A medical research centre where scientists are banished to the basement and life-or-death matters are discussed beneath giant deep-sea creatures, orange bubble clusters and alien spacecraft … we visits Will Alsop’s most flamboyant, and contradictory, offering yet.


Outlandish pods loom over serious laboratory benches at Queen Mary’s medical research centre in east London
Outlandish pods loom over serious laboratory benches at Queen Mary’s medical research centre in east London


London’s down-at-heel East End is the scene of the fullest, most flamboyant flowering yet of architect Will Alsop’s surreal imagination. On a site behind the giant Royal London Hospital in Whitechapel, four trademark Alsop pods have emerged, floating freely within a large airy void. Each is playful, curvaceous, hollow and equally outlandish in different ways. They range from what looks like a spiky deep-sea creature dressed in black oilskin to a zebra-striped tropical fish, a delicate, fabric-wrapped oval spacecraft and a cluster of shiny orange bubbles.

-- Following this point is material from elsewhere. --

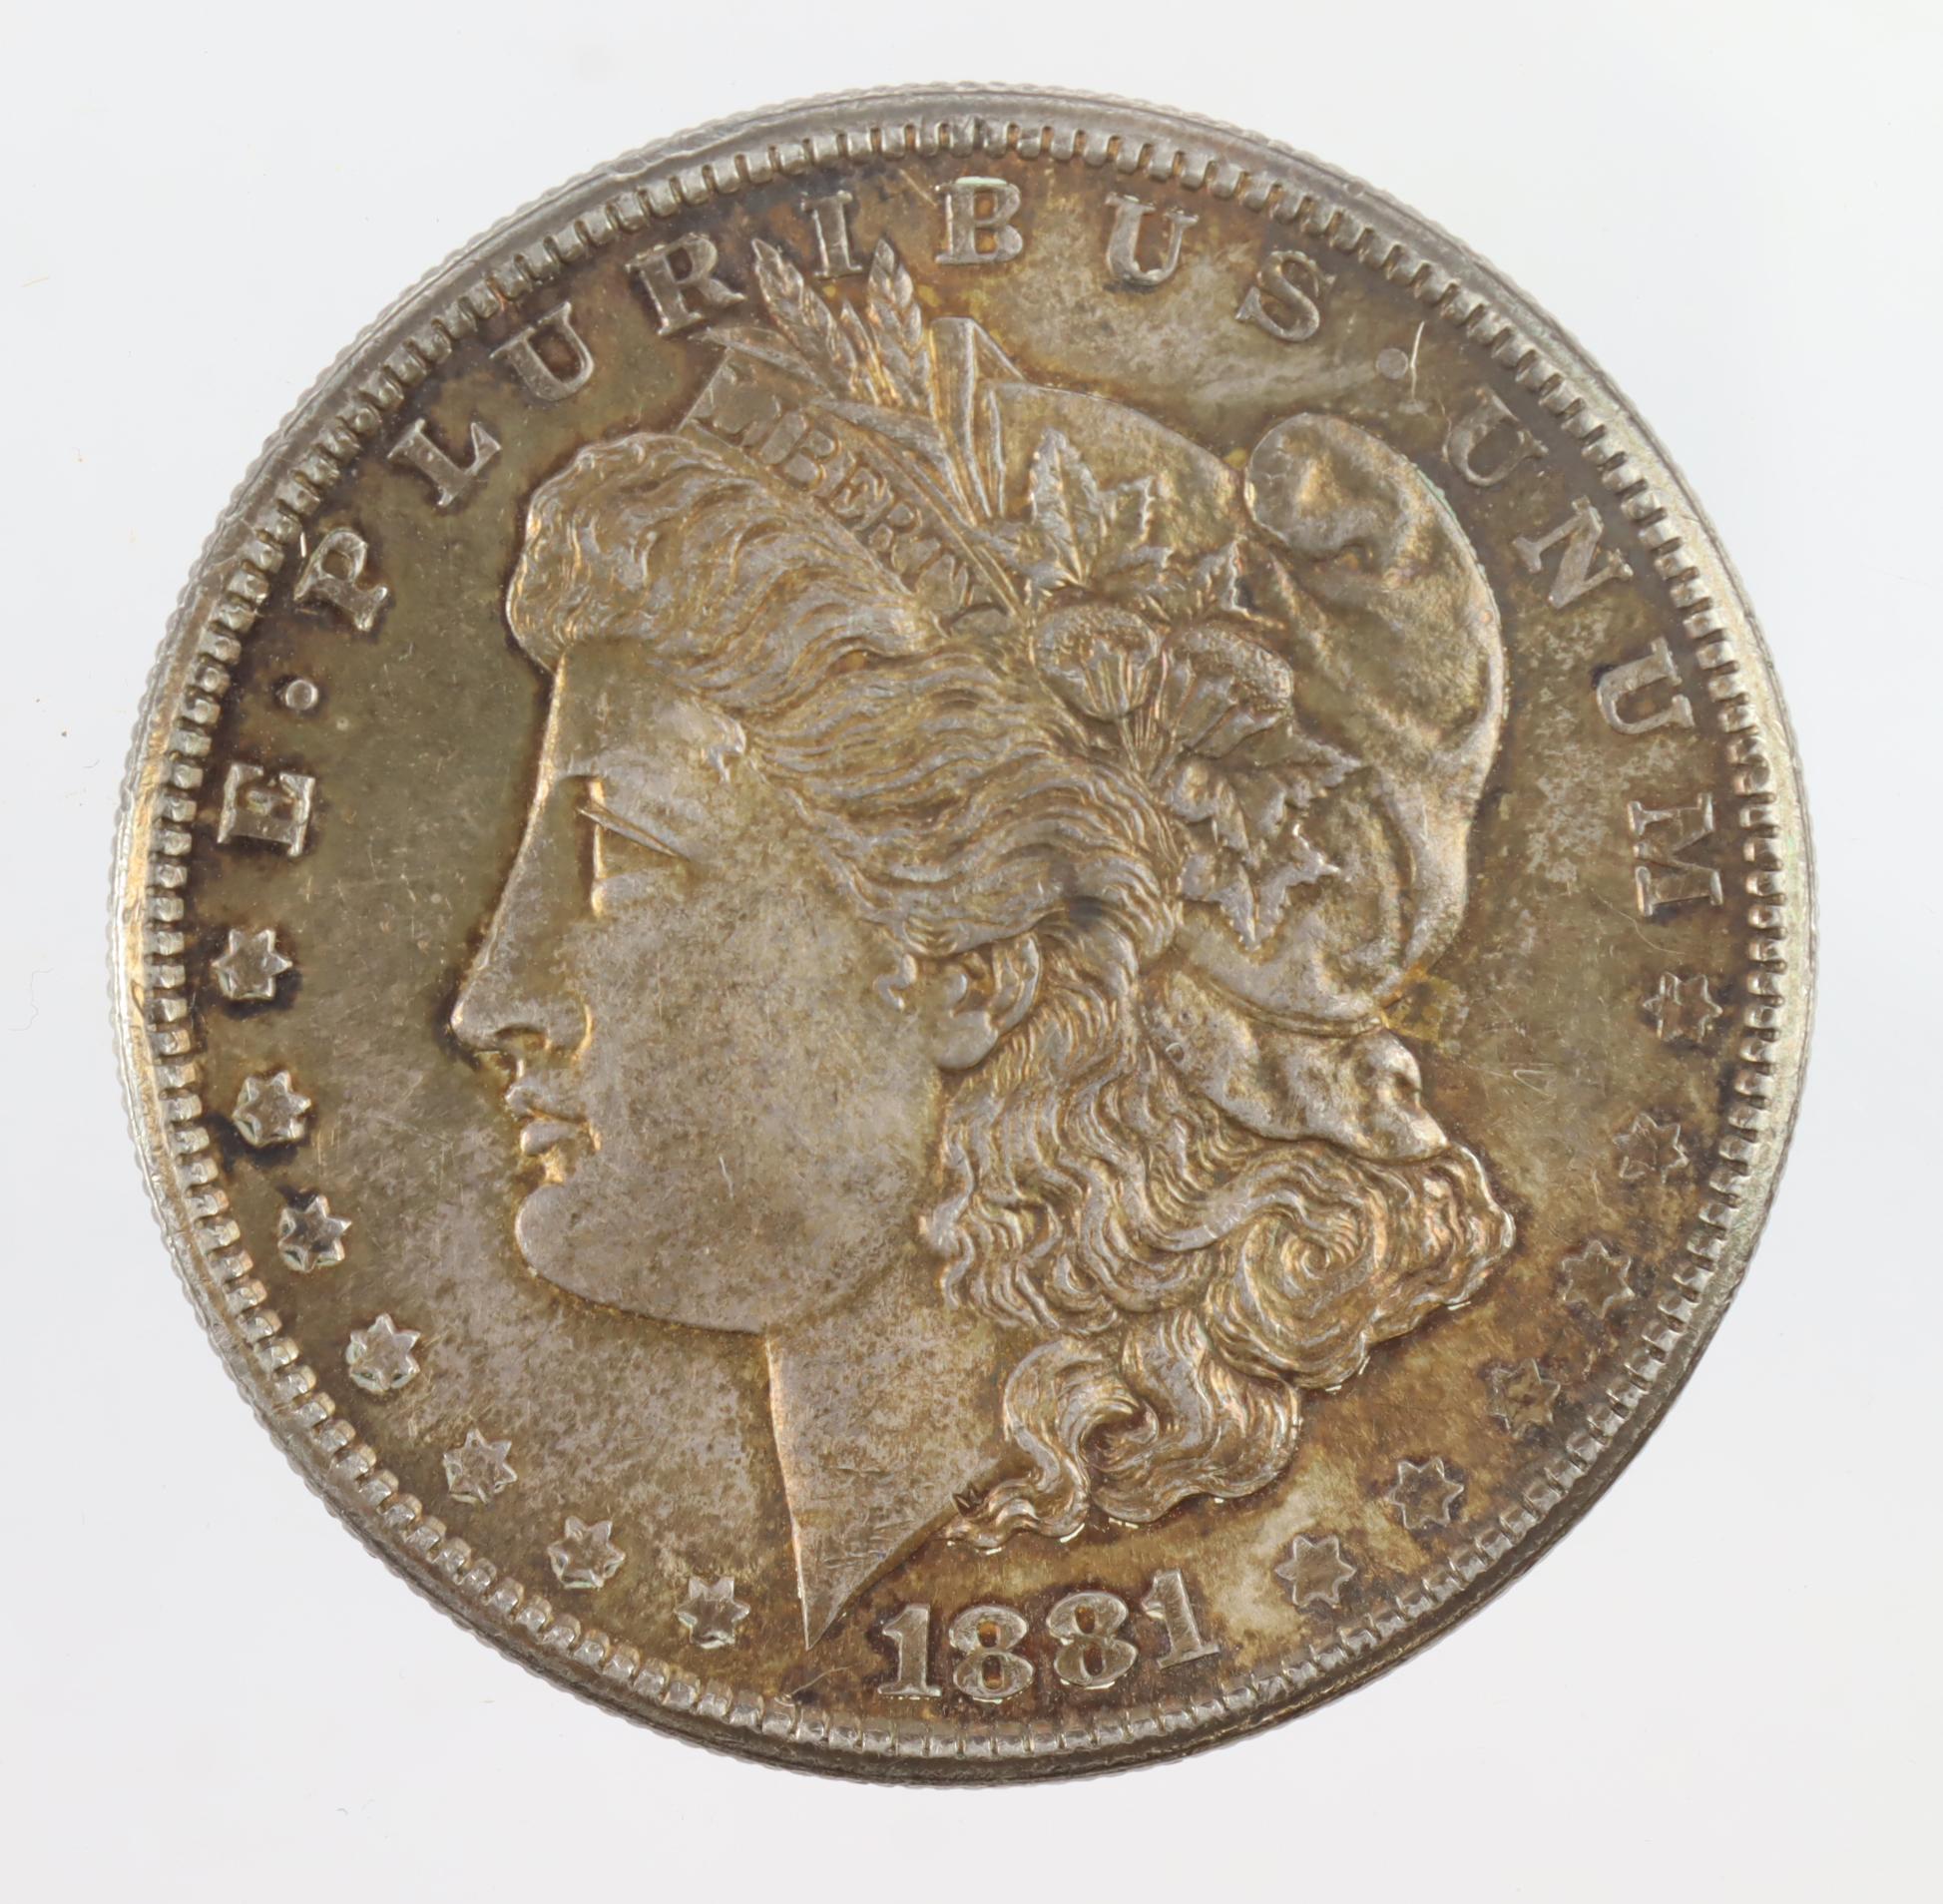 USA Morgan Silver Dollar 1881S, toned UNC, small scratch.
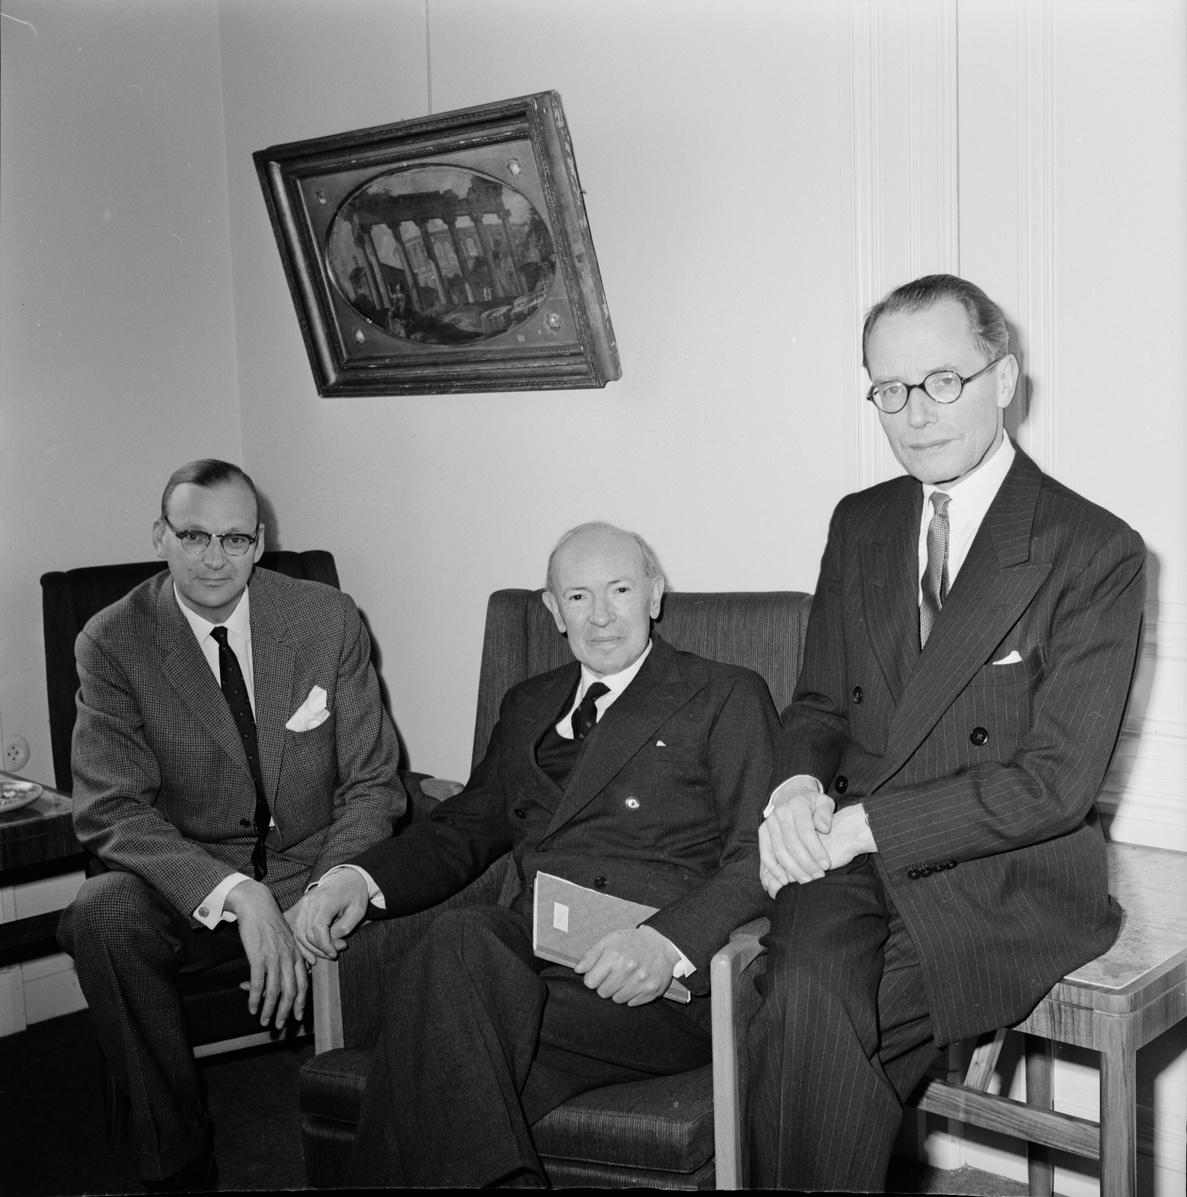 Allardyce Nicoll (middle) visiting [[Uppsala University

All of which may suggest that this is the latest in fun-packed children’s theme parks. In reality, however, the building is a strictly controlled, antiseptic environment that houses one of the most highly specialised, earnest – indeed, life-or-death – of human activities. It is an advanced medical research centre for Queen Mary, University of London.

The fusion of the whimsical and the disciplined makes up just one of the £45m building’s several highly original paradoxes. Even the design team was a combination of near-opposites. Working alongside Alsop Design, with its celebrity reputation for fun architecture, was Amec Design and Management, which was brought in purely for its hard-nosed expertise in laboratory design. “Neither practice would have won the competitive interview on its own, as we were up against Richard Rogers, Zaha Hadid and others,” says Alsop’s Simon Carter, who ran the combined team. “It was a symbiotic relationship, and the boundaries became very blurred.”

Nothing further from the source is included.